New Phonak hearing aids are even Bluetooth-enabled and sync up with smart devices such as internet-connected TVs and smartphones. With the Phonak mobile app, users can turn their hearing aids into wireless speakers. So, whether they’re talking to their grandchildren or their doctors, they’ll never miss an important word.
3. Caregiver Monitoring
Everyone slows down with age, mentally and physically. So how do adult children know when Mom isn’t getting around so well on her own? How can senior care facilities determine which residents are a greater fall risk or need closer observation? Those patterns are easier to spot with hard data, and digital sensors are key to gathering that data.
For example, Reemo Health has turned Samsung Gear smartwatches into remote monitoring devices. Using the watch’s sensors, Reemo tracks the wearer’s quality of movement, heart rate, sleep patterns and other relevant health data. Caregivers see daily data, a 30-day baseline for the individual and a three-day trend from that baseline. This way, they can spot negative trends and intervene quickly.
While Reemo tracks signs of physical decline, IoT-based Connected Home solutions can provide insights into cognitive decline. For instance, with the Samsung Smart Home app, users can monitor and control smart appliances. If Mom leaves the stove on or the refrigerator door open, her adult child gets an alert from the app. Sensors installed on doors and kitchen cabinets can also provide useful behavioral data. If Mom was opening her cabinets five times a day and now opens them 50 times a day, she might be experiencing memory loss. And if an assisted living community resident with dementia opens his door in the middle of the night, someone knows to go check on him.
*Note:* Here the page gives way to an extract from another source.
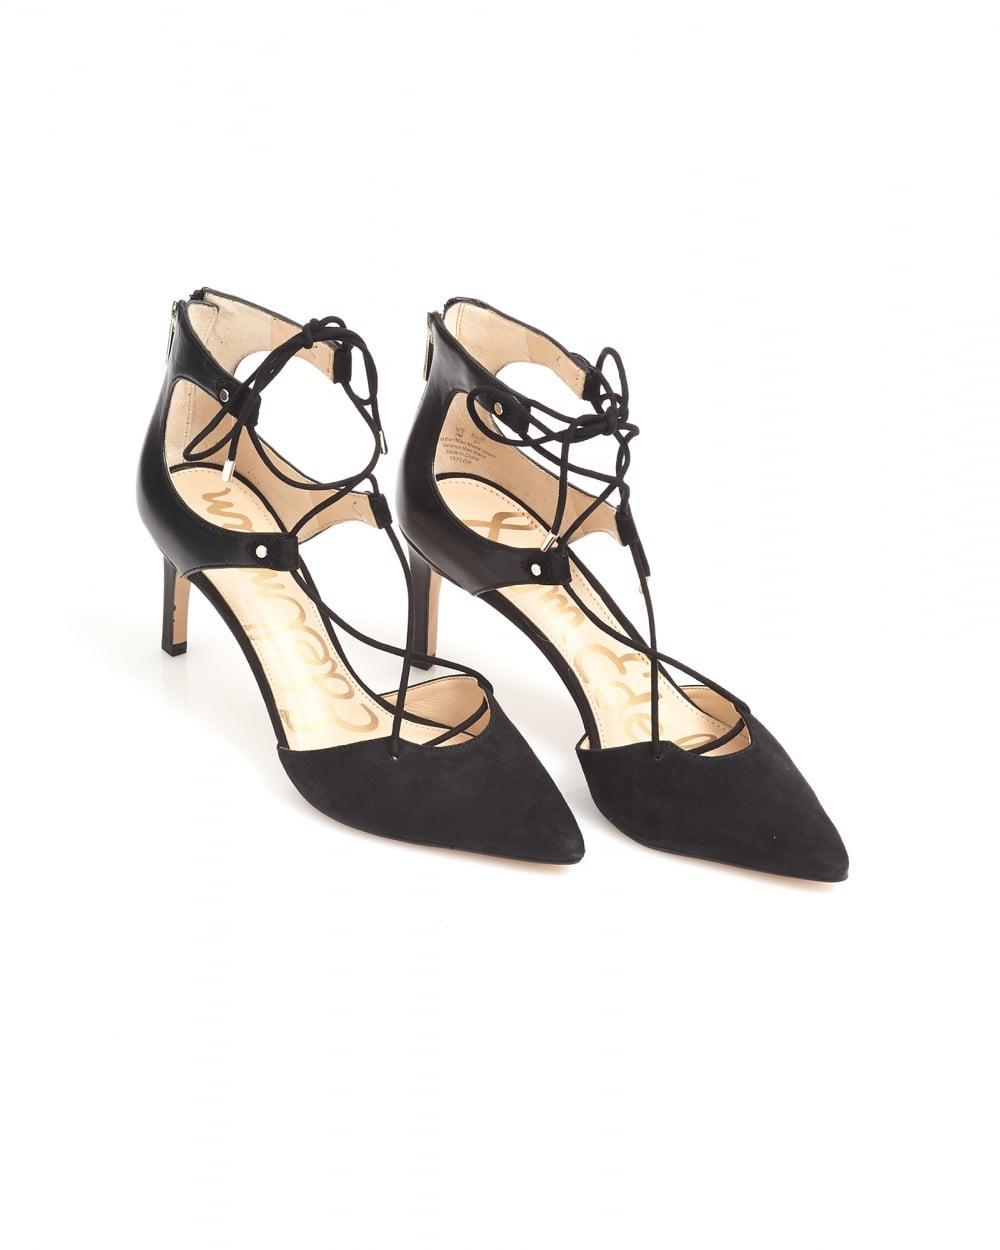 75b5b1f56 Lyst - Sam Edelman Taylor Court Shoes

4. Infotainment and Communication
Mobile technology provides many new ways to improve the lives of seniors, but that all hinges on seniors adopting the technology. Just like with any other demographic, it’s easier to get people to adopt technology when it’s fun to use. Mobile devices can offer seniors opportunities to learn, connect with family members and stream beloved television shows they haven’t seen in decades. But there’s also a technology learning curve that can be intimidating.
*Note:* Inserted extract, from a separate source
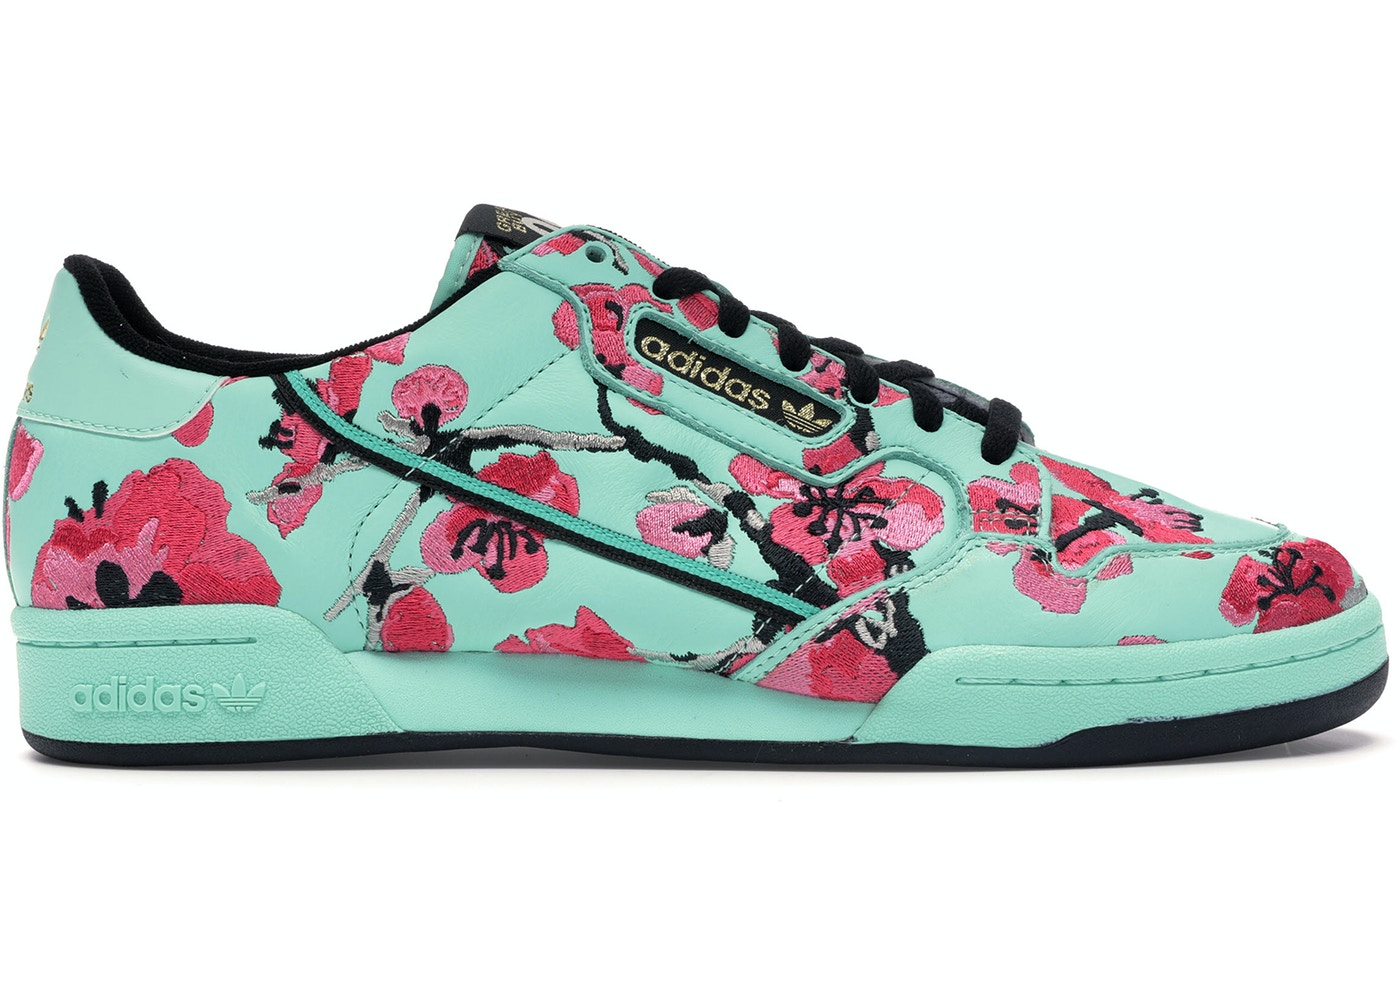 28c834c1 adidas Continental 80 AriZona Green Tea Ginseng - Sneakers

That’s why Breezie has created senior-friendly tablets. Using Samsung Knox, Breezie configures the settings and apps on Samsung Galaxy tablets to simplify the user experience. Breezie technicians and approved family members can access the device remotely to provide training and tech support.
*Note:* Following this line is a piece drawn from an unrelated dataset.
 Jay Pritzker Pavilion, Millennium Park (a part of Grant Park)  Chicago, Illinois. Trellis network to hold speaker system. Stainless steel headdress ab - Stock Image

Breezie is also offering a new platform for senior care facilities. Built on Samsung Knox and Artik frameworks, the platform enables care providers to deliver personalized services, medical information and disease management education to residents through a simple tablet interface.
These solutions are just the tip of the iceberg. As innovative companies and thinkers put their heads together to solve age-related challenges, much of the best technology for seniors is yet to come.